The transformative power of AI in fintech
In today’s rapidly evolving financial landscape, the integration of Artificial Intelligence (AI) within fintech is revolutionising how financial services operate. But this extraordinary change isn’t just about automation or efficiency – it’s about reimagining the very foundations of the industry itself.
Indeed, with its ability to process vast datasets, identify patterns and make real-time decisions, AI is enabling fintechs to deliver smarter, faster and more personalised services than ever before. It’s also levelling the playing field, allowing nimble startups to compete with established institutions.
What’s more, this shift is not just technological; it’s cultural. It’s changing how we think about trust, transparency and even the role of human judgment in financial decision-making. As AI continues to evolve, so too will the expectations of customers, regulators and partners.

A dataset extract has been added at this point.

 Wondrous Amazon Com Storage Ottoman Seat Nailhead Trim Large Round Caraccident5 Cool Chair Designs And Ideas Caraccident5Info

Here at Lloyds Banking Group we have a front-row seat in this transformation. Below, we share our reflections on why AI matters, how we’re engaging with fintechs and what this means for the future of banking and the financial services industry in general.
Why AI fintechs matter
Over the past 18 months, there’s been an explosion in the pace and potential of AI-driven innovation. Whether it’s fintechs or broader AI startups, we’re seeing a wave of companies doing things very differently from the large-scale cloud service and data infrastructure providers. For us, this is incredibly exciting.

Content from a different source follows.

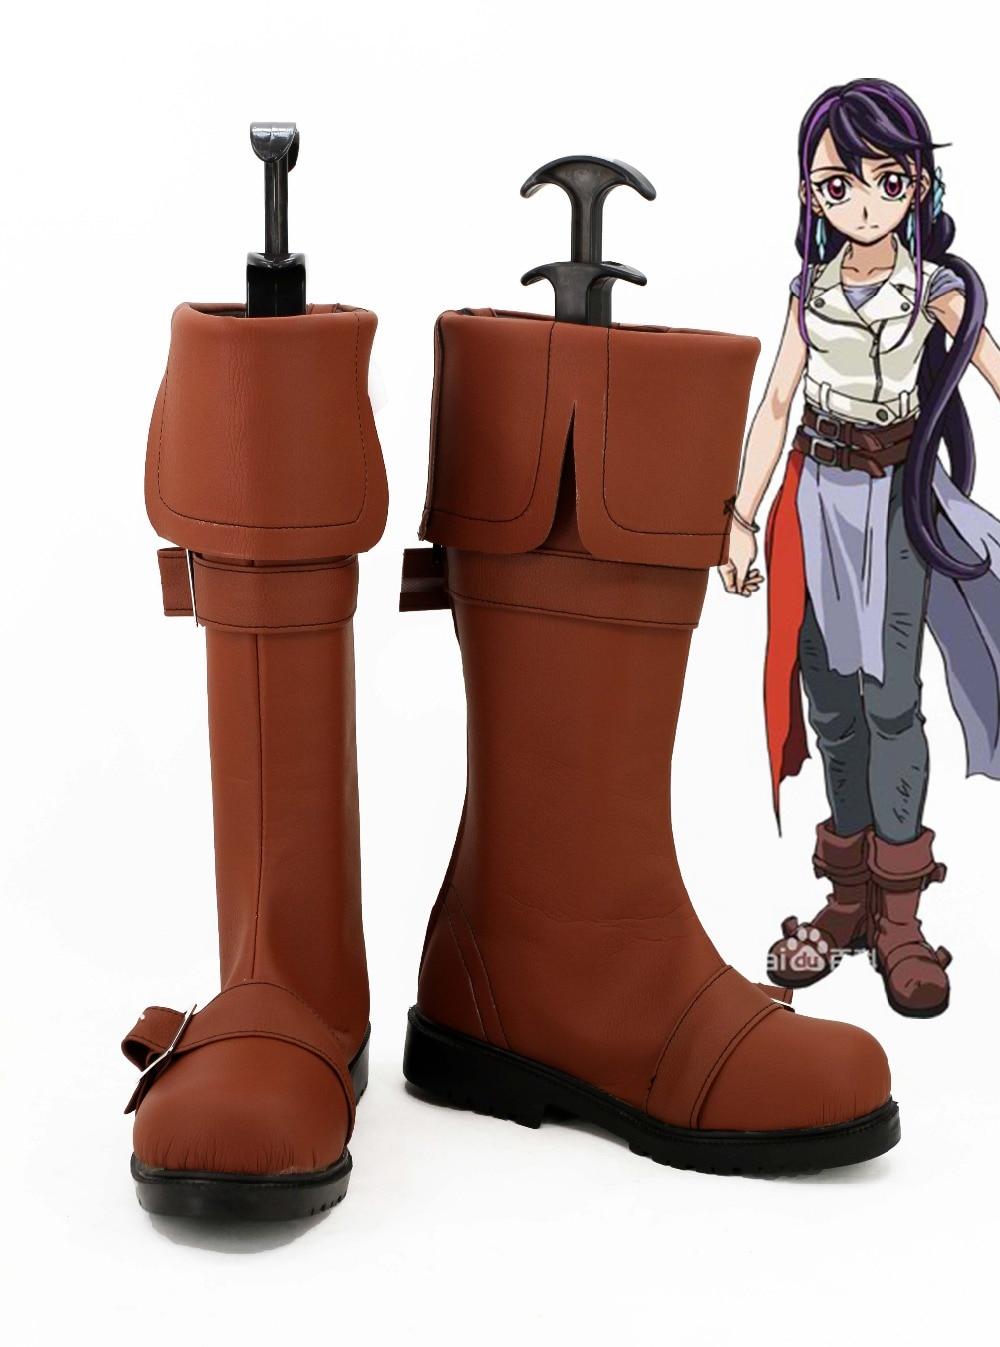 ARC-V Yu-gi-oh! Kurosaki Ruri Cosplay bottes Lulu obsidienne Anime chaussures sur mesure

And we’re fortunate in the UK to be surrounded by a critical mass of world-class AI researchers – from Cambridge, Oxford, Imperial, UCL, Bristol and Edinburgh. This academic strength, combined with a vibrant ecosystem of experienced founders and a growing pool of funding, makes the UK a uniquely fertile ground for AI innovation.
“When it comes to successful AI fintechs, one of the biggest factors we’ve identified is speed.”
Partnering to accelerate our journey
For us it’s not just about observing this innovation, it’s about engaging with it too. We believe large financial service providers like Lloyds Banking Group have a responsibility to partner with these startups to accelerate our own transformation; it’s part of our purpose of Helping Britain Prosper. These partnerships help us learn faster, think differently and move more quickly.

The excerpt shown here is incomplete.